But then my path to preaching took an unexpected turn.
My sophomore year of high school, I met a girl at a party. We talked on the phone for a few weeks before finally setting a date to meet up again. She lived in the Lincoln Park projects in Huntsville, Alabama. I relied on her directions when I drove to pick her up, but I couldn’t find her house. Before giving up, I decided to get out and walk, in case she spotted me.
That was a mistake. The locals noticed my car circling their block, and a group of young men came over. One of them asked, “Who are you?” His tone invited confrontation: You have stepped into my territory. Why are you here?
Looking around at the plastic bags blowing in the wind, clothes drying on flimsy lines, weeds amid patches of dirt, I could not see anything worth fighting over. But behind the interrogator stood three or four more young men, one with a gun. The weapon changed the stakes of the conversation. It was a question of life or death.
A rush of adrenaline began in my chest. I couldn’t control my rapid heart rate, but I could control my expression, so I adopted a calm exterior.
I had been in this situation before and knew I would have to navigate it so they didn’t feel trapped. I had to be strong but not threatening, certain but not disrespectful.

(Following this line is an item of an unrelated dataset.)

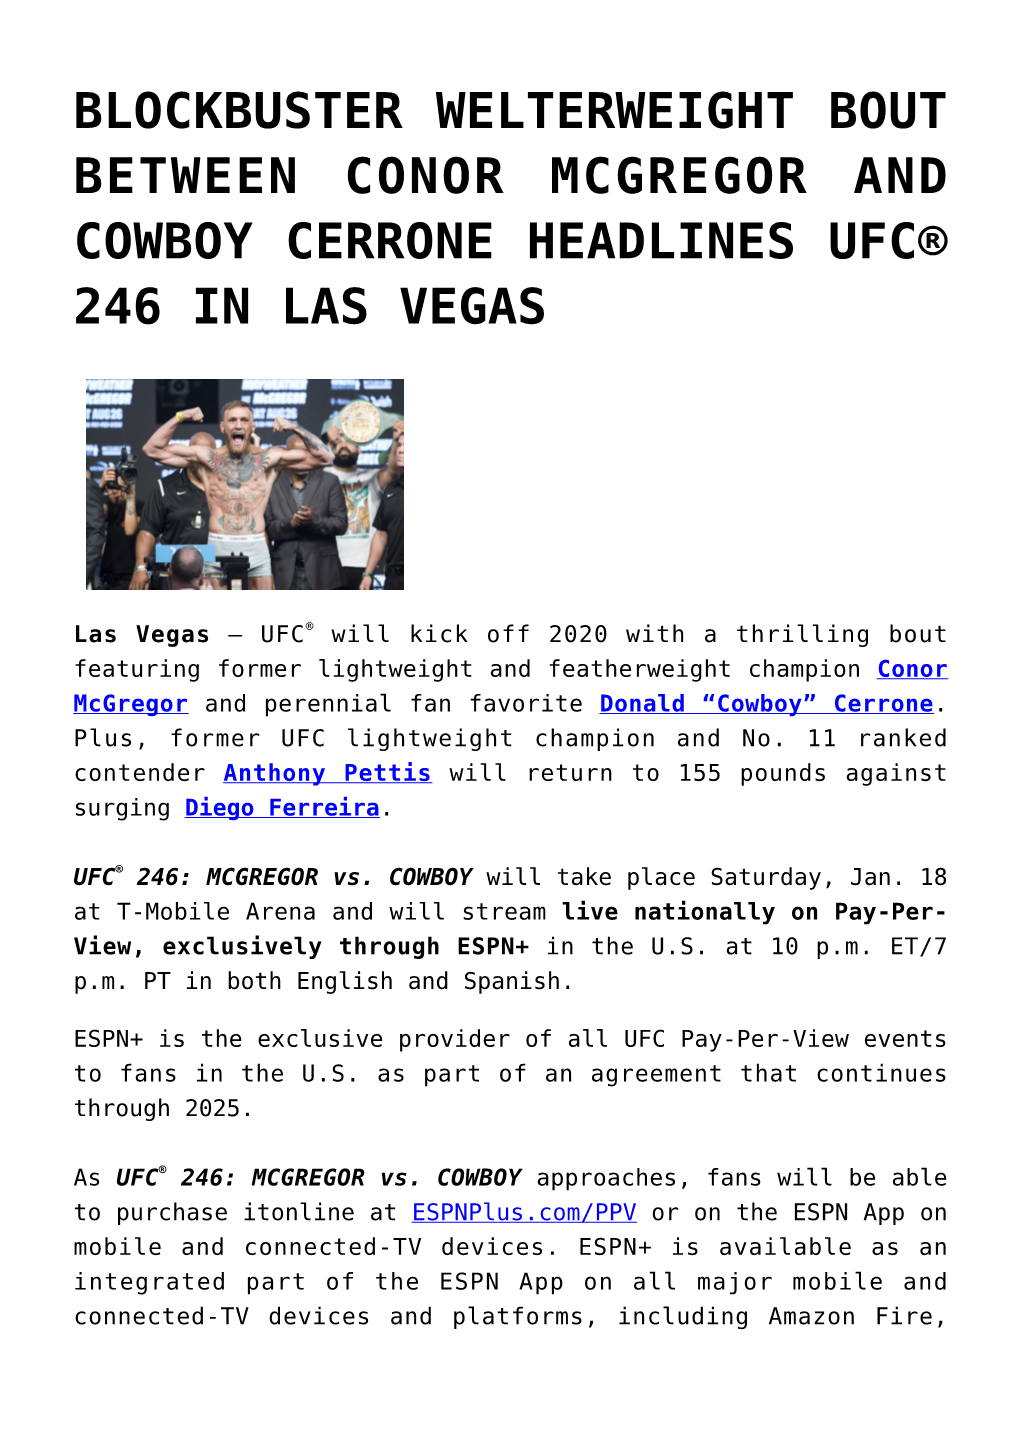 Blockbuster Welterweight Bout Between Conor Mcgregor and Cowboy Cerrone Headlines Ufc® 246 in Las Vegas

Who are you? The situation called for a simple statement of my allegiances: I am from Johnson High, and where I live is not your concern. But maybe because there was a gun involved, the question turned existential. I thought, Who am I, really? A boy grown into his adult body, now capable of wielding the same violence I’d witnessed from my father? A kid determined to be the opposite of that man? My mother’s hope?